Time‘s "Most Influential" is less a newsmagazine than an advertiser-friendly, mutual-masturbation exercise of a kind one often finds at particularly fancy fundraisers where "friends" and acolytes buy pages to sing the honoree’s praises. And it comes on the heels of The New York Times Magazine‘s 8,000-word devotional profile of Politico‘s Mike Allen, whose early morning "Playbook" e-mail performs a similar task on a daily basis. To be fair, Allen’s "Playbook" compares favorably with the Tiger Beat treatment by Time of Palin et al. But its distinguishing feature is its insistence on treating everyone in the Beltway "game" as playing on the same team. Republicans, Democrats, reporters, consultants, corporate lobbyists; the jobs are interchangeable for the right kind of insider. Allen’s Boswell, Mark Liebovich, described the human embodiment of the daily e-mail at a party in which "a couple hundred influentials gathered for a Mardi Gras-themed birthday party for Betsy Fischer, the executive producer of ‘Meet the Press.’ Held at the Washington home of the lobbyist Jack Quinn, the party was a classic Suck-Up City affair in which everyone seemed to be congratulating one another on some recent story, book deal, show or haircut." The next paragraph featured former DNC chair Terry McAuliffe; former RNC chair Ed Gillespie; Fox News’s Greta Van Susteren; White House major-domo David Axelrod; Meet the Press‘s David Gregory; Newsweek editor Jon Meacham; and NBC’s Andrea Mitchell and her husband, deposed godhead Alan Greenspan. In what might be the most distasteful image ever described in a major metropolitan newspaper, Liebovich informs us, "In the basement, a very white, bipartisan Soul Train was getting down to hip-hop." (All that’s missing is Michael Steele and a dominatrix or two.)

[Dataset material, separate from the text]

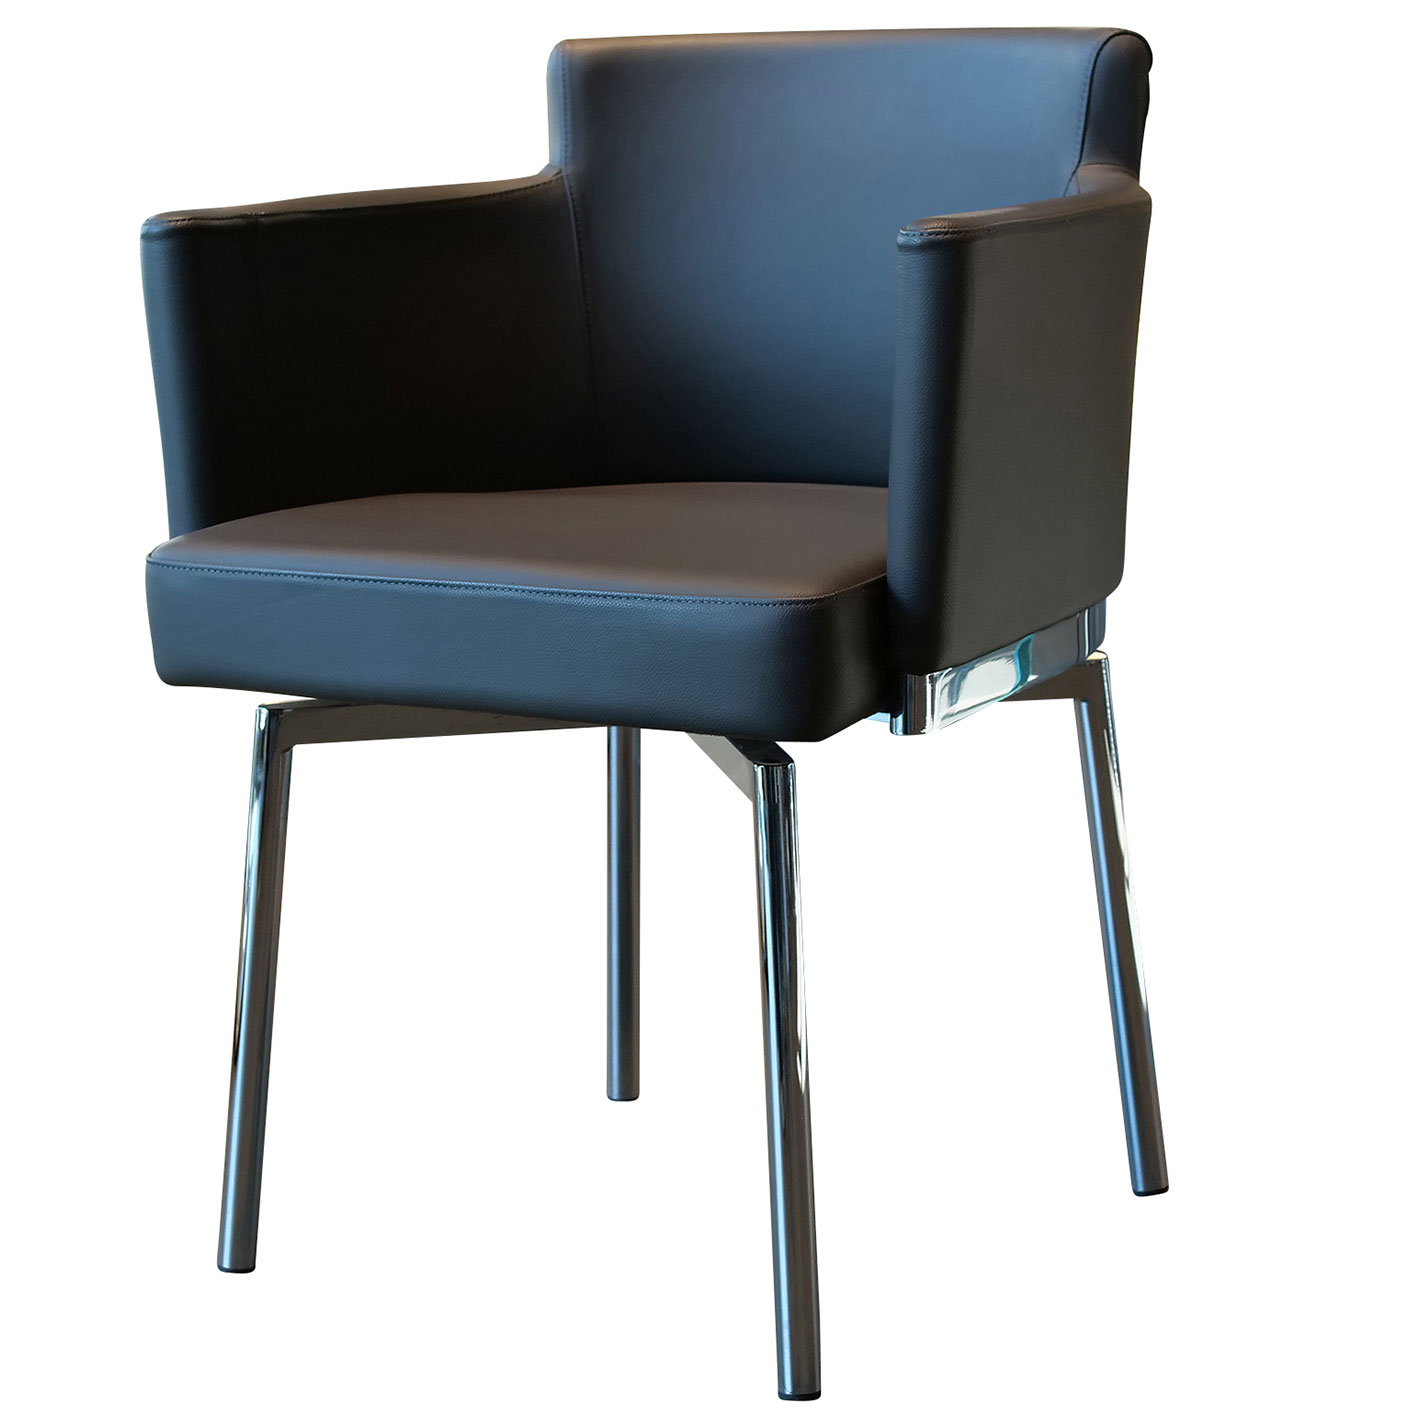 Tische & Stühle - ARTUS LEDER Armlehnstuhl

The following weekend, Washington found itself riveted by its annual mash-up of politics, celebrity and journalism called the White House Correspondents’ Association Dinner. Fox News honcho Roger Ailes spoke the truest words of his life when he explained of reporters at the dinner, "They are not here as journalists."

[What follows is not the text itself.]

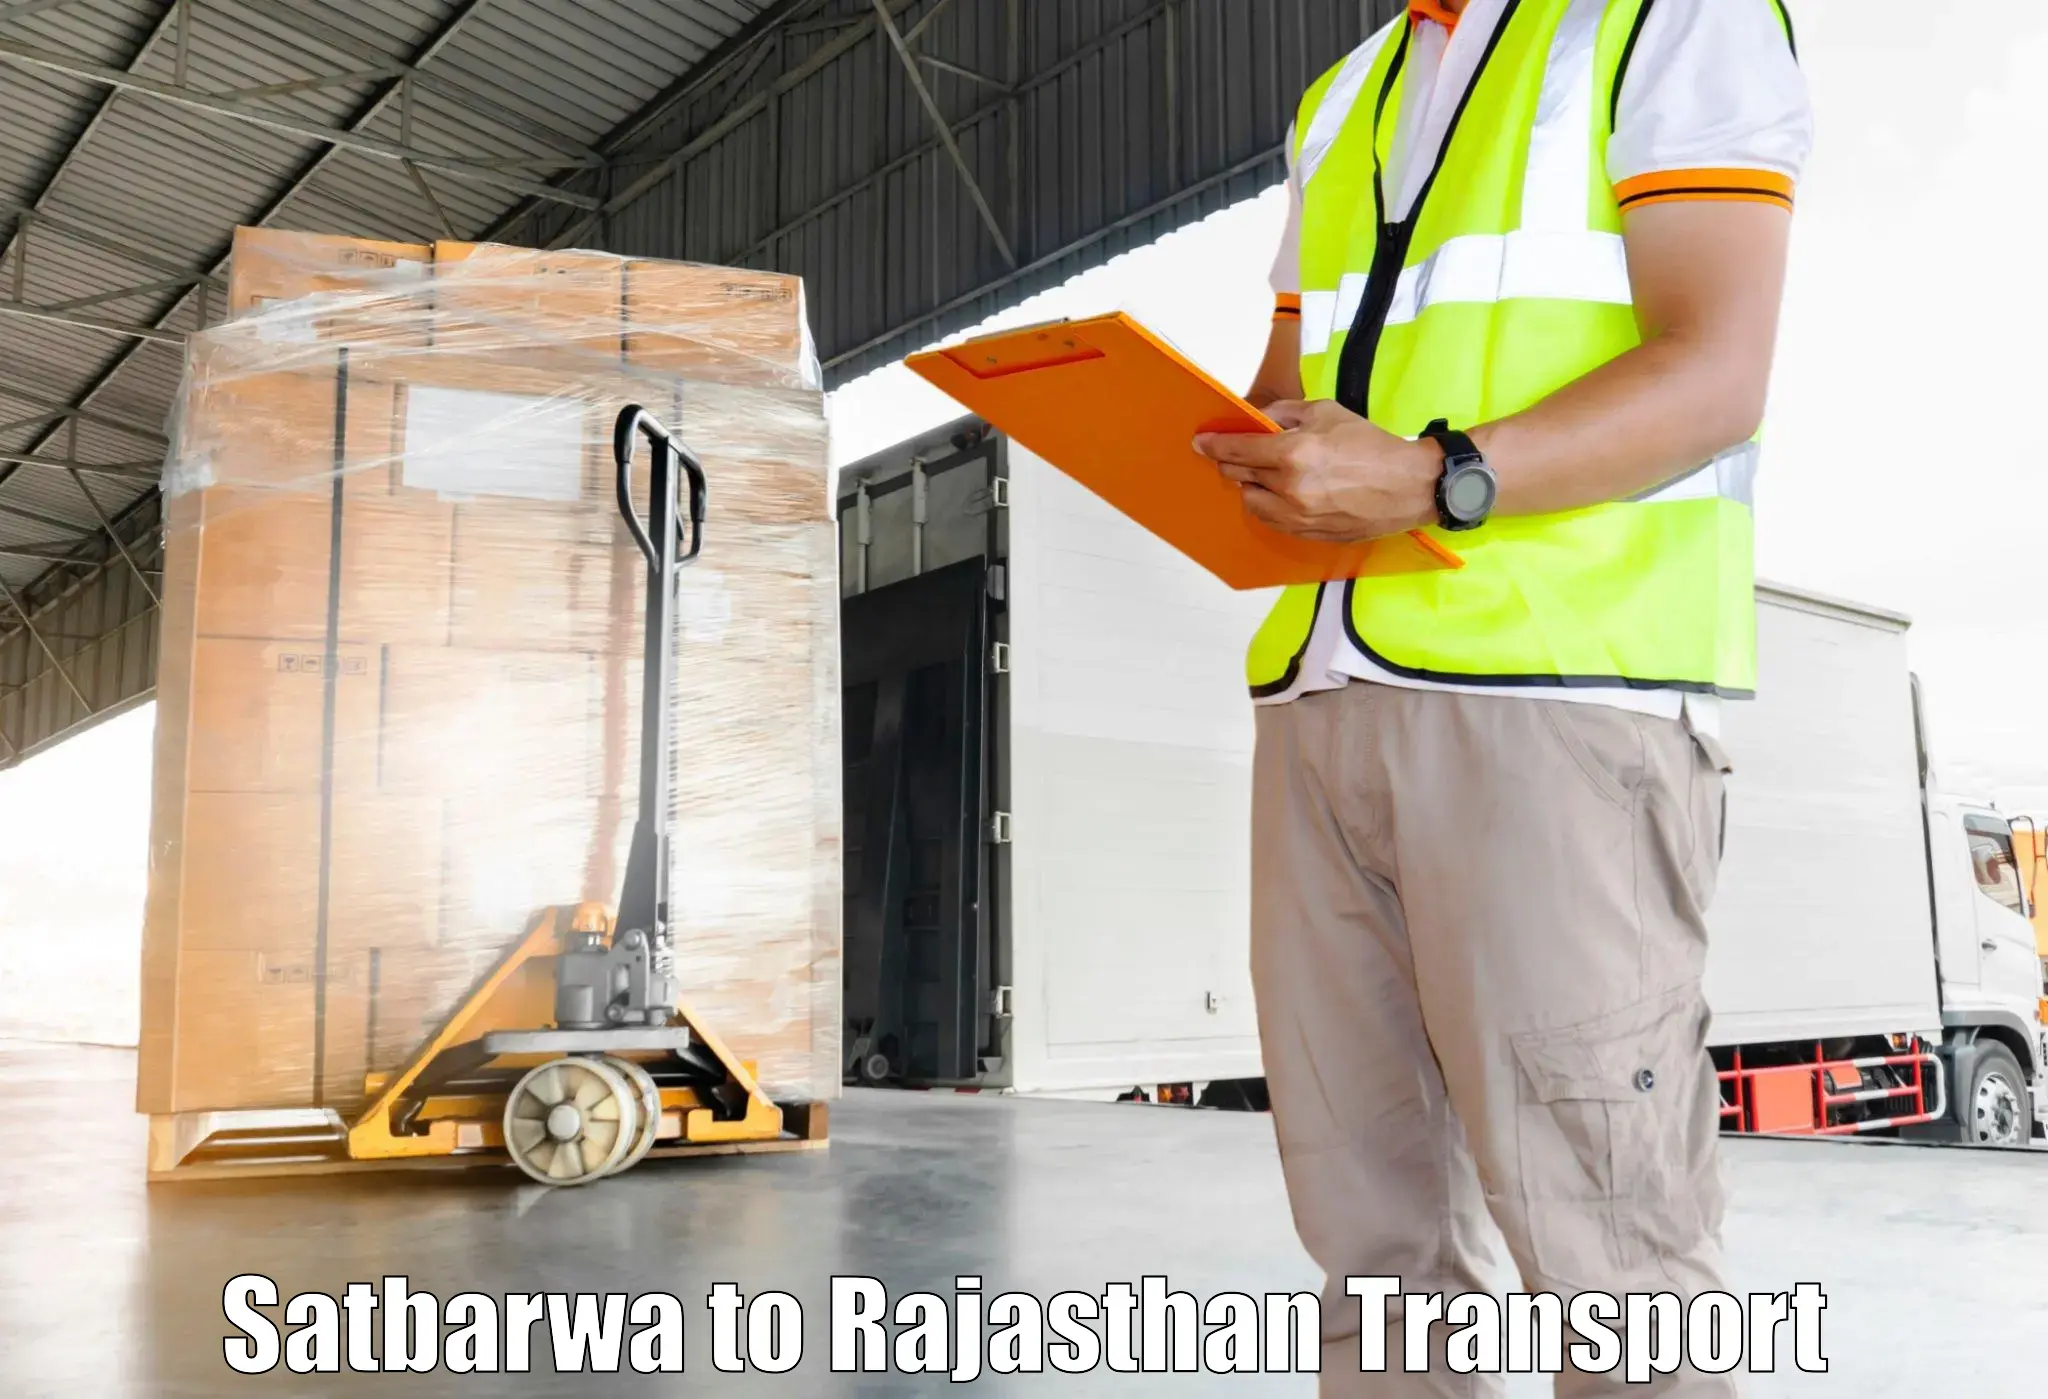 Vehicle transport services in Satbarwa to Weir

I missed all the fun. As the cocktails were being served, I was in a Greenwich Village church basement with a group of diehard Dissent-ers, listening to scholars Michael Walzer, Robin Blackburn, Sheri Berman and Michael Kazin discuss liberalism, socialism, social democracy and their relationship (or lack thereof) to the present state of politics. No moguls, no celebrities and no (evident) lesbian bondage; just a group of unfashionable folk trying to figure out how to be good citizens in an age in which America’s political class has all but abandoned the idea as, sadly, passé.